Bestiaire n°1 : Aranae Par Sophie Kaplan « L’enseignement de l’araignée n’est pas pour la mouche. » Henri Michaux, Face aux verrous, 1954
Au regard de la fortune que connaissent les araignées au cinéma (et tout particulièrement dans le cinéma fantastique) 1 mais aussi dans la littérature2, la place de ces tisseuses au sein des arts plastiques est, étrangement, plutôt modeste. Les siècles passés ont tout de même laissé quelques exemples célèbres et saisissants. On pense à Véronèse3, aux réinterprétations du mythe d’Arachné par Rubens4 ou Vélasquez5, aux bêtes noires d’Odilon Redon6, aux ‘étoiles’ d’araignées surréalistes, aux géantes de Louise Bourgeois7, aux quadrillages de Sol Lewitt et il apparaît très vite que la symbolique de l’araignée connaît autant de ramifications qu’une toile compte de filaments et que, selon les époques et les civilisations, la velue aux huit pattes peut figurer la liberté, la mort, le travail, l’ordre, la féminité, l’artiste, etc8... L’araignée et sa toile constituent donc un formidable espace de projection pour nos fantasmes, nos rêves et nos conceptions du monde. En témoignent tout récemment les œuvres de deux jeunes artistes : Tomas Saraceno et Virginie Yassef. L’installation de l’artiste argentin Tomas Saraceno présentée à la Biennale de Venise porte un titre à la fois concret et rêveur : Galaxies forming along filaments, like droplets along the strands of a spider’s web9. Occupant l’une des salles principales du Palais des expositions, de grands fils noirs traversent l’espace, dessinant une géométrie
Virginie Yassef, The eyes sees for us, but do we see what it sees ?, dessin recherche, 21 x 29,7cm, 2009, courtesy Galerie GP&N Vallois, Paris
qui tient à la fois de la toile d’araignée et de la constellation (telle que conceptualisée par les récentes théories d’astrophysique). Pour concevoir sa pièce, Tomas Saraceno s’est inspiré directement des toiles tissées par les veuves noires, capables de supporter des charges extrêmes en recourant à une géométrie complexe. Il y a quelques mois, en visitant son atelier de Francfort, on pouvait y voir quelques représentantes de la terrifiante espèce en plein filage. Leur travail a été filmé, étudié puis reproduit à l’échelle d’une œuvre d’art monumentale. L’œuvre de Saraceno se rapproche ainsi d’une symbolique indo-européenne ancestrale qui associe l’araignée au cosmos et au spirituel, en même temps qu’elle propose un autre monde possible, inspiré des architectures utopiques. Ce ne sont pas des veuves noires, mais une mygale naturalisée qui a fait son nid depuis quelques semaines dans l’atelier de Virginie Yassef. Dans l’exposition de l’artiste française à la galerie Vallois 10, les araignées sont partout et sous toutes les formes : à l’encre dans des dessins commandités par l’artiste à sa mère, en volume dans une sculpture tapie dans l’ombre et dont les yeux tournent de façon hypnotique, au crayon dans les reports d’une vingtaine de toiles de différentes espèces, qui dessinent à même le mur une cartographie abstraite. Entre suspens cinématographique, peur primale et relevés subjectifs du monde, la proposition arachnéenne de Virginie Yassef trace les lignes d’un effroi sans frayeur ni terreur11 et construit un univers où le réel, pris au dépourvu, devient magique.

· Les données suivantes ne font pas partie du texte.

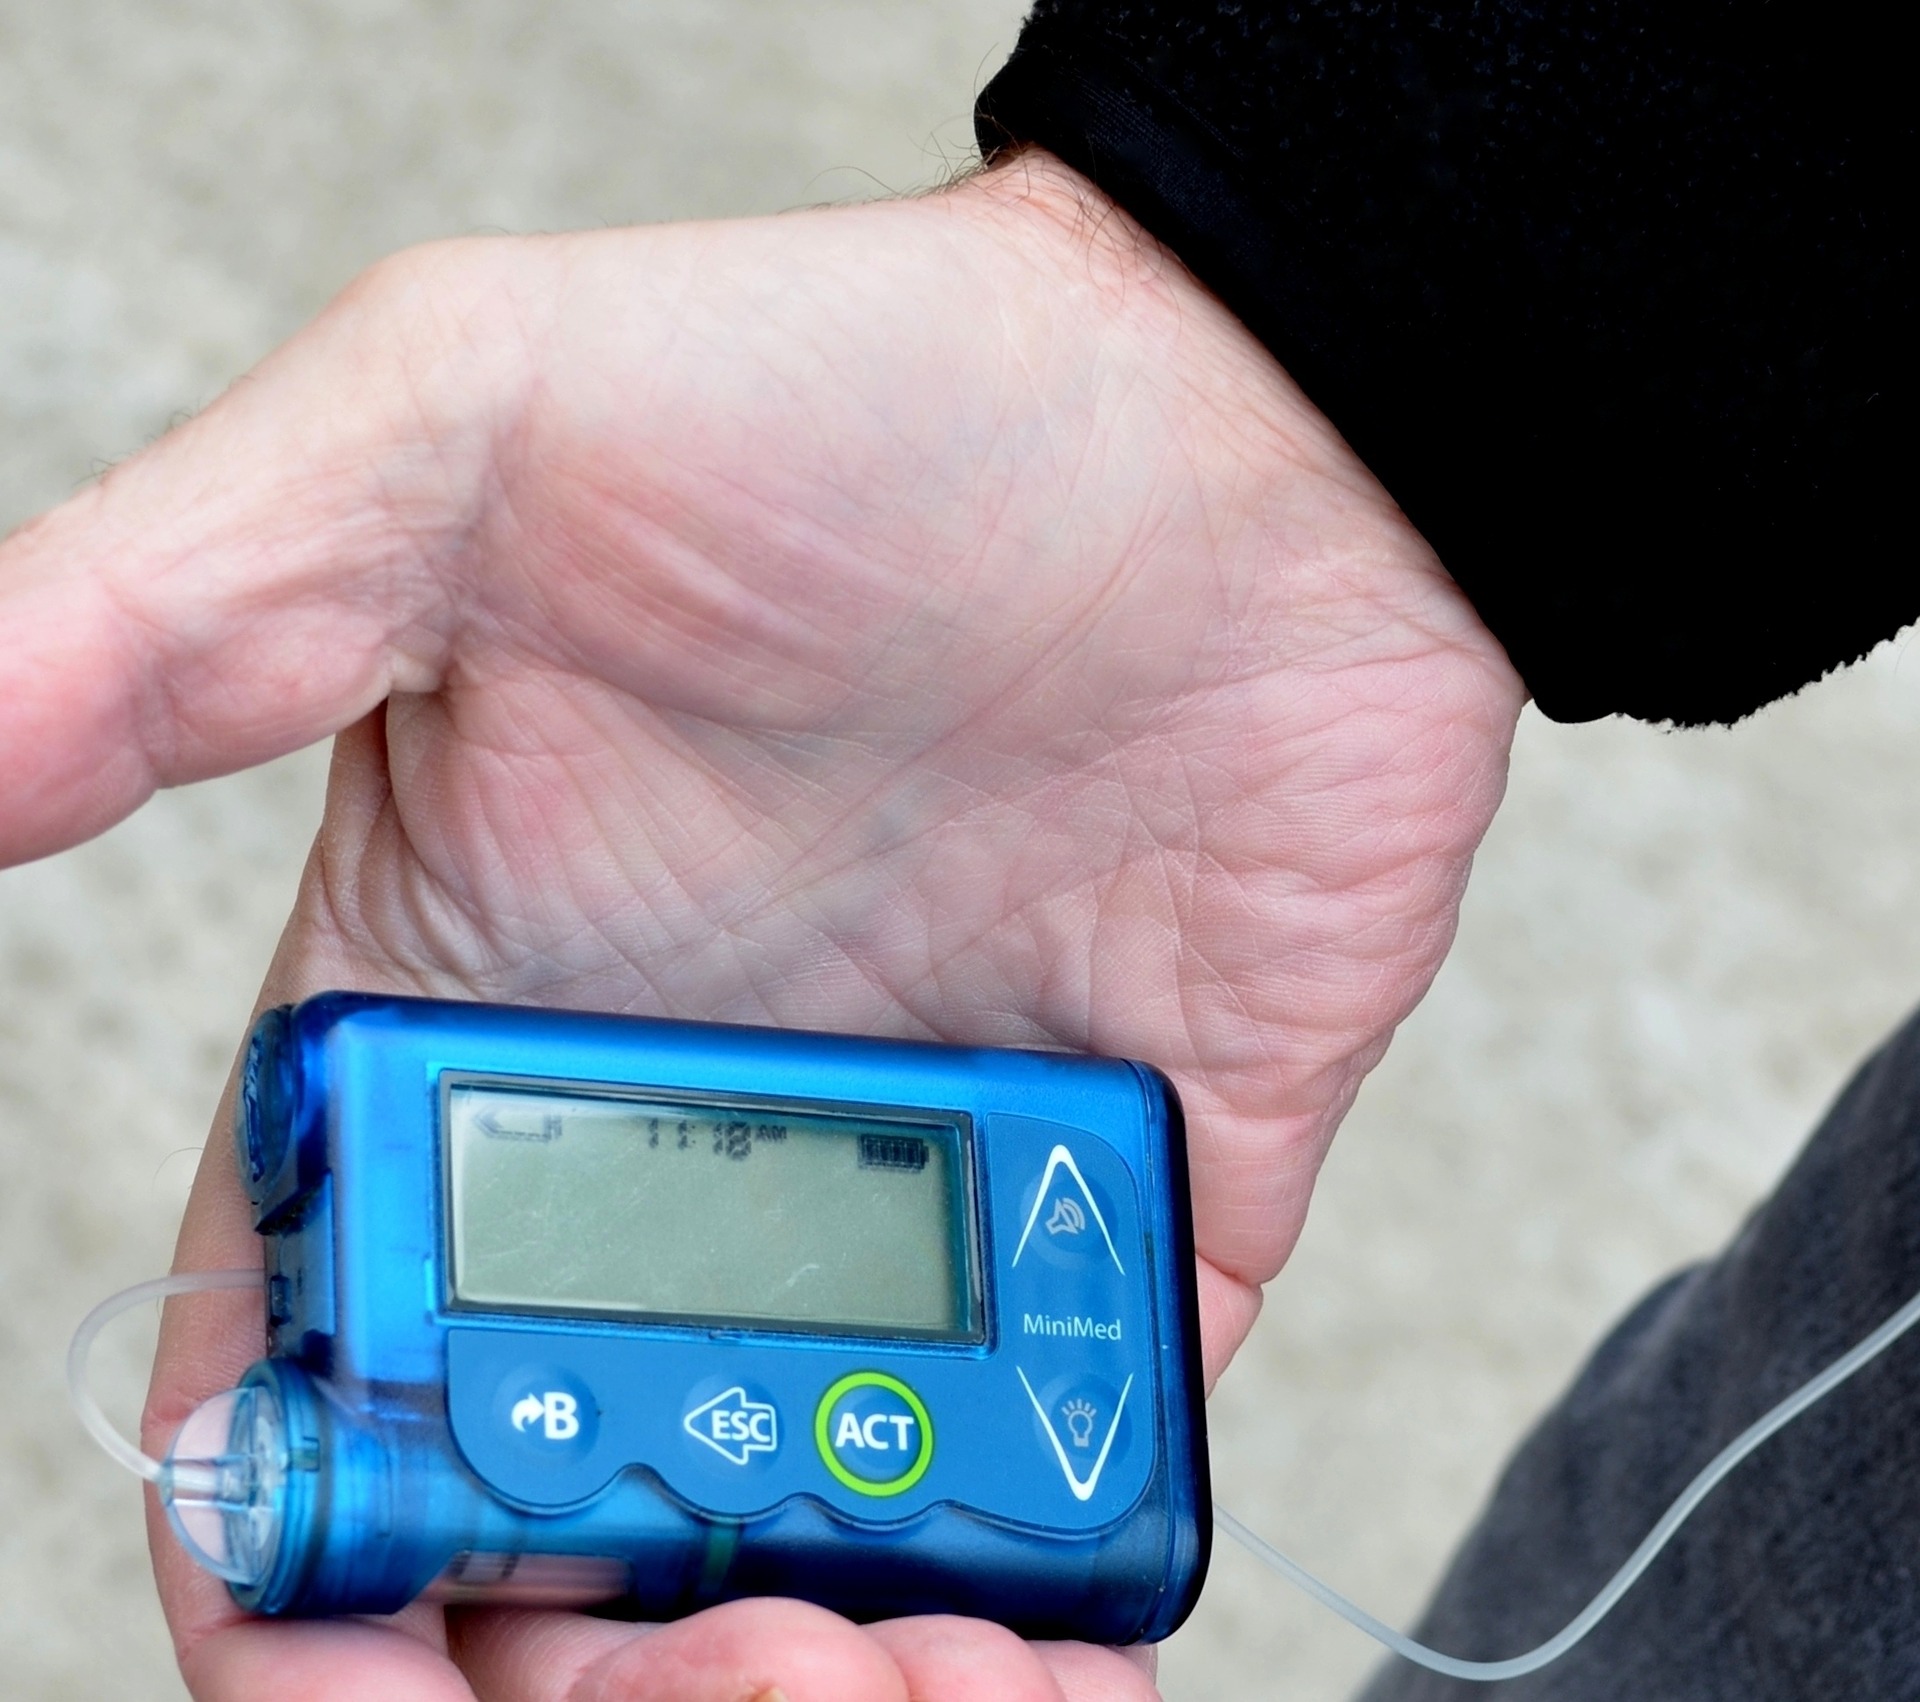 A portable insulin auto-injector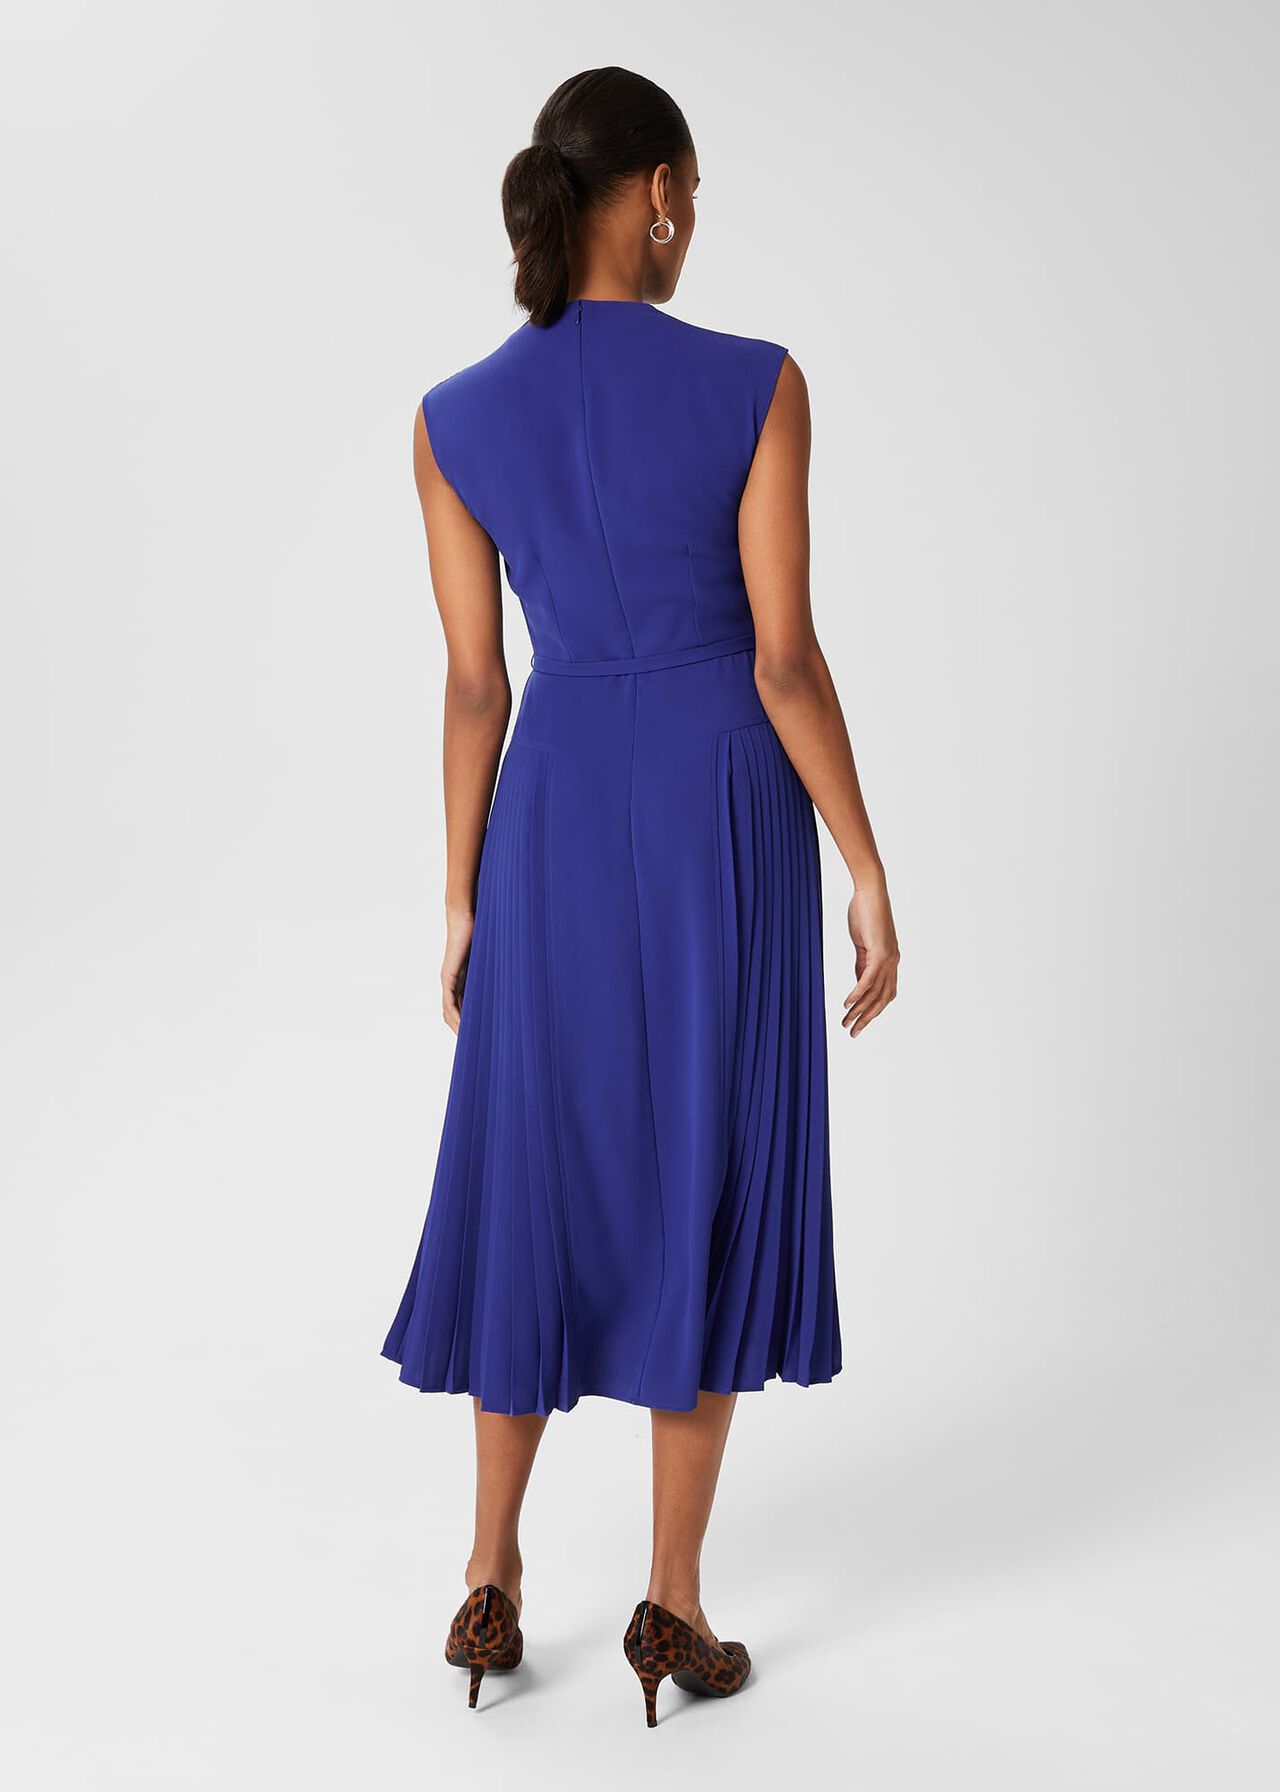 Sierra Dress, Cobalt Blue, hi-res

(1) Tarantula de Jack Arnold, Le Château de l’araignée de Kurosawa, Arachnophobia de Frank Marshall, Spiderman de Sam Raimi, etc. (2) Sous forme humaine ou animale, on la retrouve chez Ovide, Michelet, Walt Whitman, Jules Renard, Henri Michaux, etc. (3) Véronèse, La Dialectique (Palais des Doges, Venise). (4) Rubens, La Punition d’Arachné (Virginia Museum of Fine Arts, Richmond). (5) Vélasquez, La légende d’Arachné ou Les Fileuses (Musée du Prado, Madrid). (6) Redon, L’araignée qui sourit (Musée du Louvre, Paris) et L’araignée qui pleure (Collection Privée, Amsterdam). (7) Louise Bourgeois, Maman (Ottawa, Bilbao, Tokyo, Séoul, Saint-Pétersbourg, Paris). (8) L’ouvrage de Sylvie Ballestra-Puech, Métamorphoses d’Arachné : l’artiste en araignée dans la littérature occidentale, Ed. Droz, Genève, 2006 est très complet sur le sujet. (9) Palais des expositions, 53e Biennale de Venise, jusqu’au 22 novembre 2009. (10) Virginie Yassef, le millième moustique, galerie Georges-Philippe et Nathalie Vallois, Paris, du 4 décembre 2009 au 15 janvier 2010. (11) Julien Bismuth, communiqué de presse de l’exposition.